→ **What this task involves**
Copy the listing exactly as given. Omit every picture.

→ **Recorded information**

--------

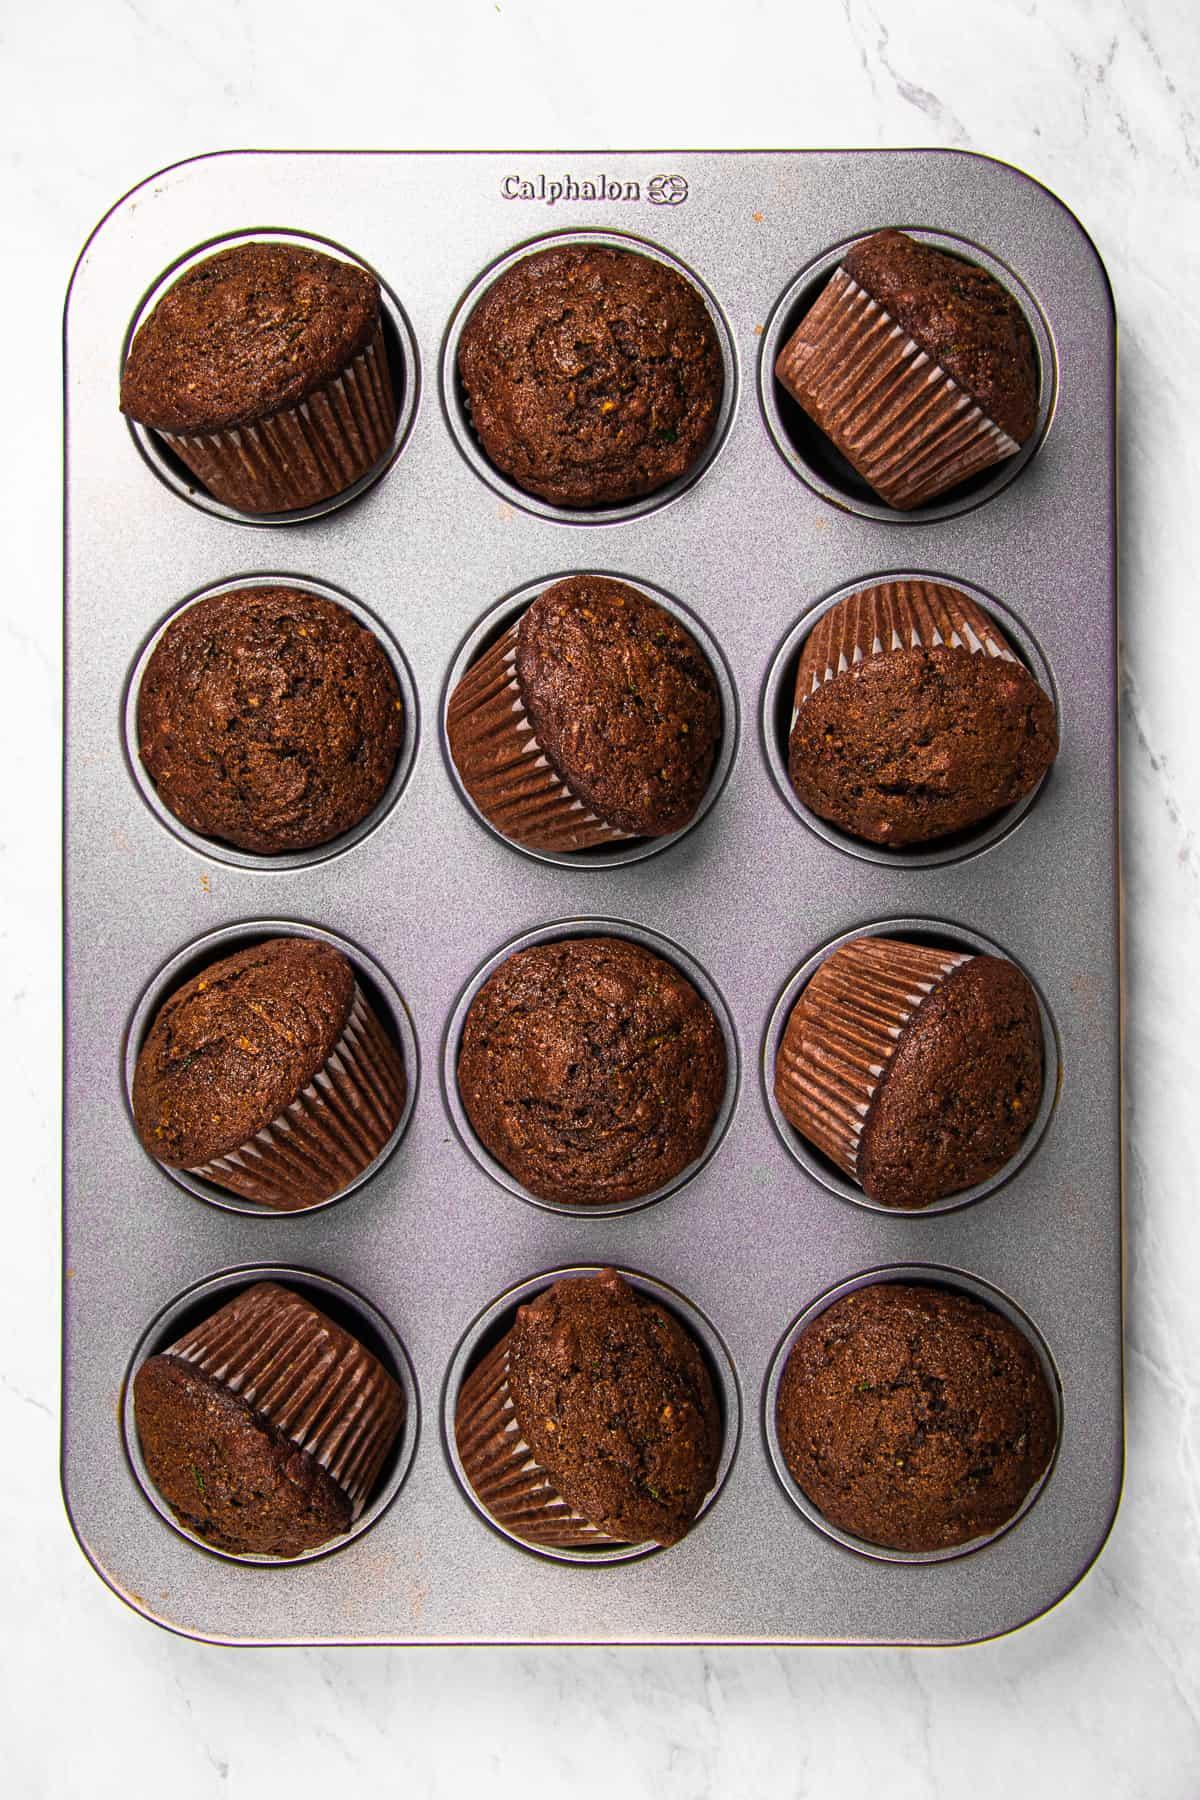 Chocolate Zucchini Muffins in a baking pan.
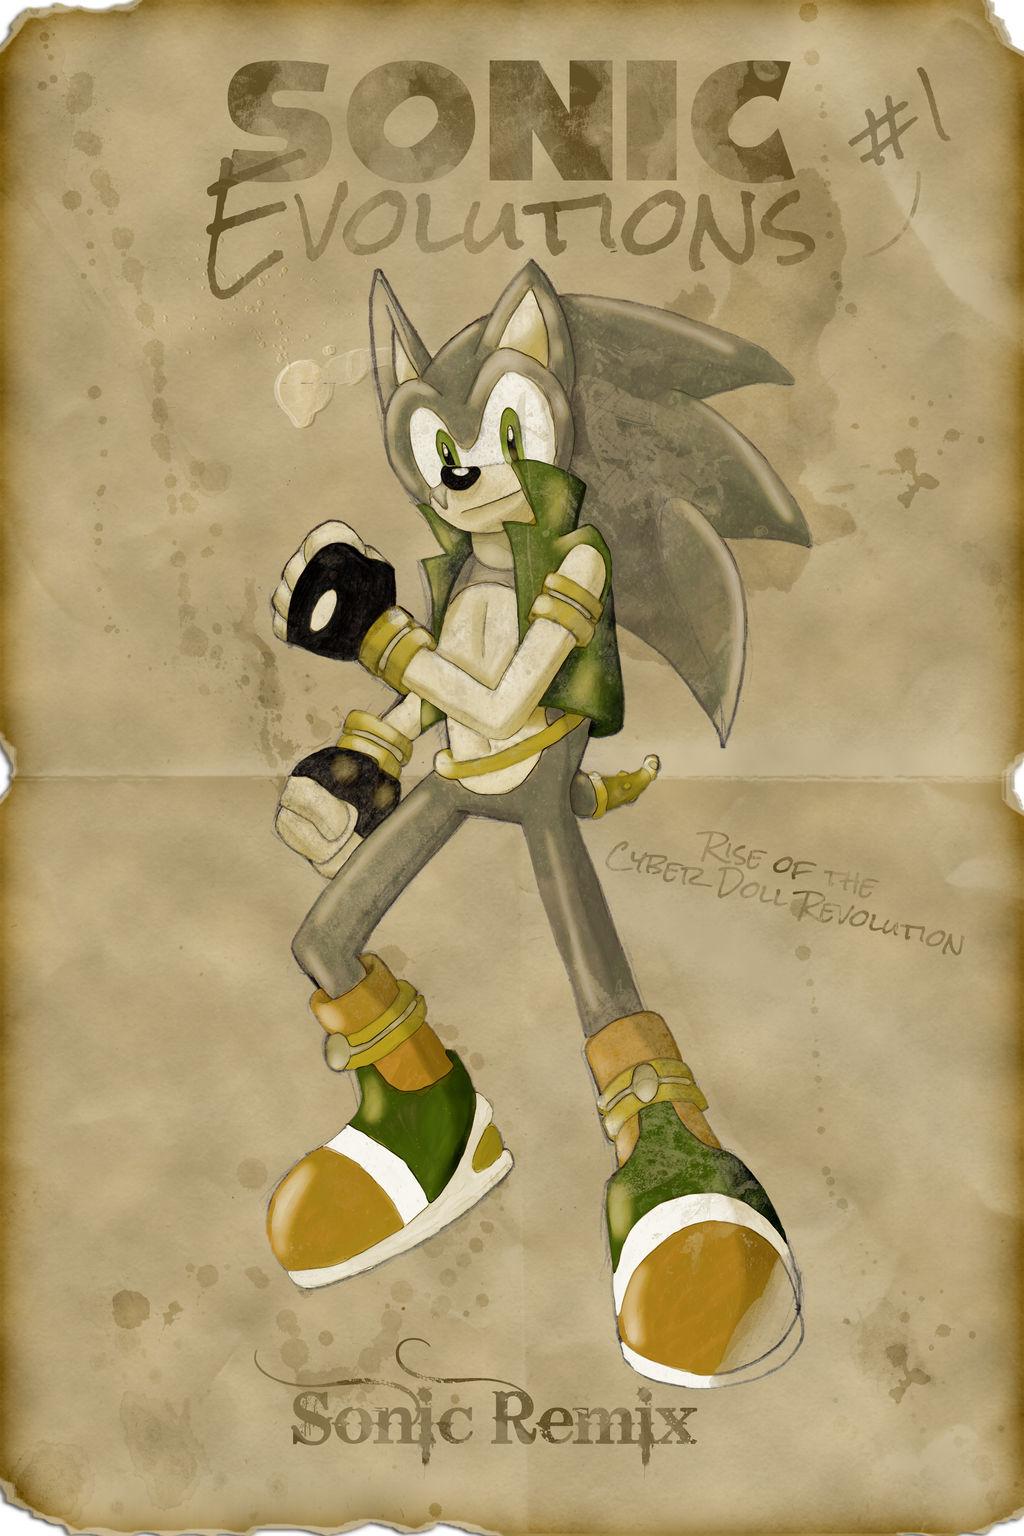 Sonic Evolutions: The Cyber Doll Revolution #01
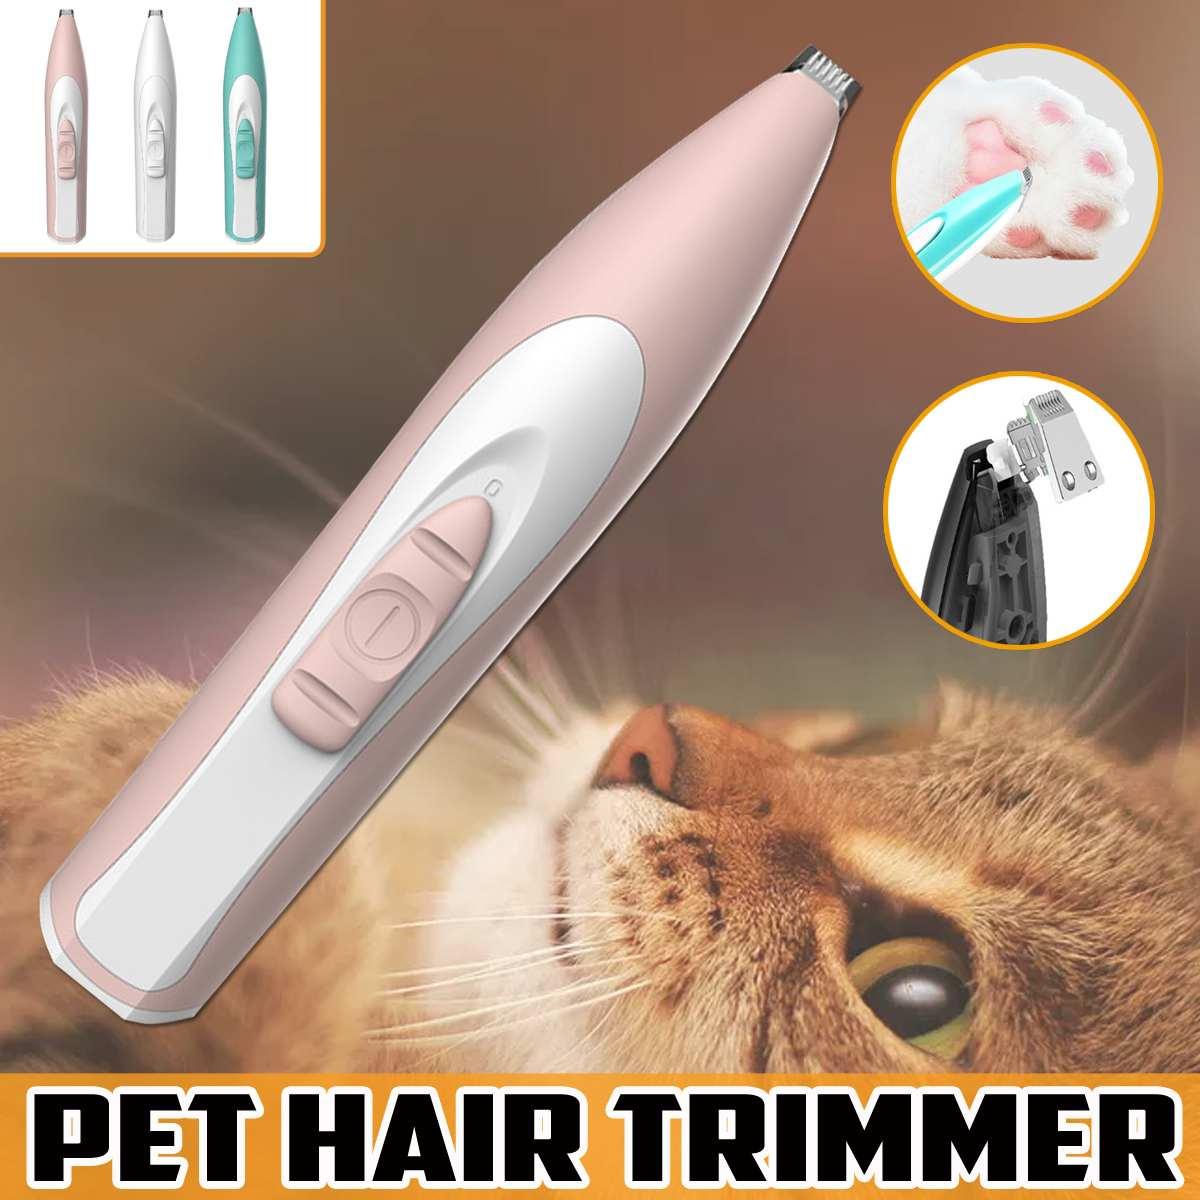 Cortadora profesional para pies de Mascota, cortadora para el pelo de perro, cortadora para crecimiento de perros, cortadora recargable por USB para orejas, removedora de pelo de ojos, poco ruido
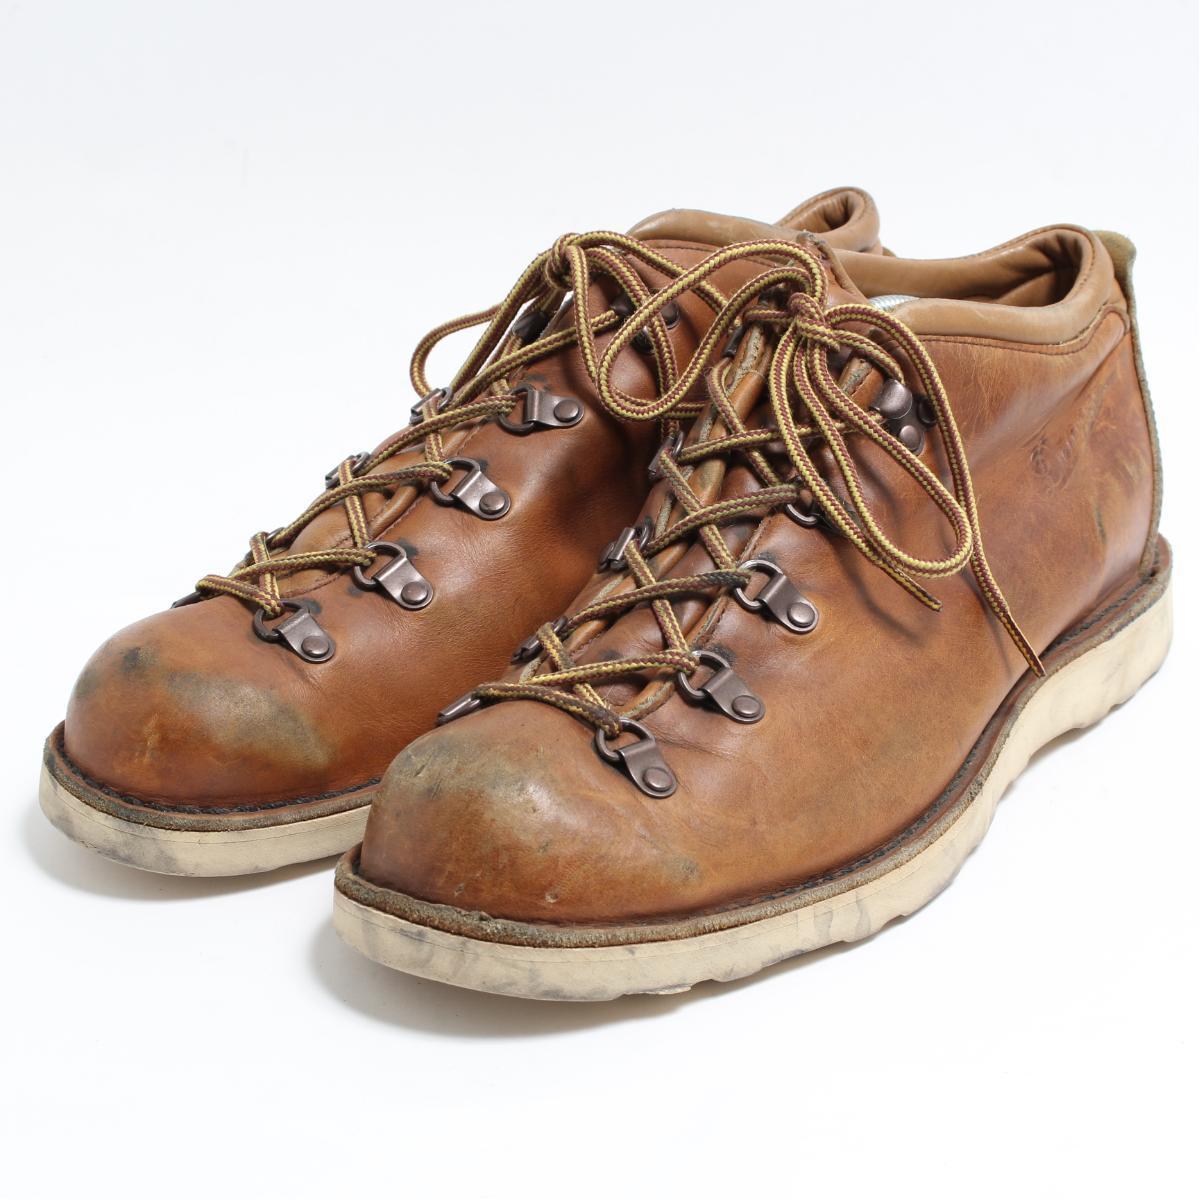 f7ccba48ab48 11EE men 29.0cm  bon6773 made in Danner DANNER 54302 Tramline mountain  boots USA

--------

→ **Exercise result**
 Chocolate Zucchini Muffins in a baking pan.
 Sonic Evolutions: The Cyber Doll Revolution #01
 Cortadora profesional para pies de Mascota, cortadora para el pelo de perro, cortadora para crecimiento de perros, cortadora recargable por USB para orejas, removedora de pelo de ojos, poco ruido
 f7ccba48ab48 11EE men 29.0cm  bon6773 made in Danner DANNER 54302 Tramline mountain  boots USA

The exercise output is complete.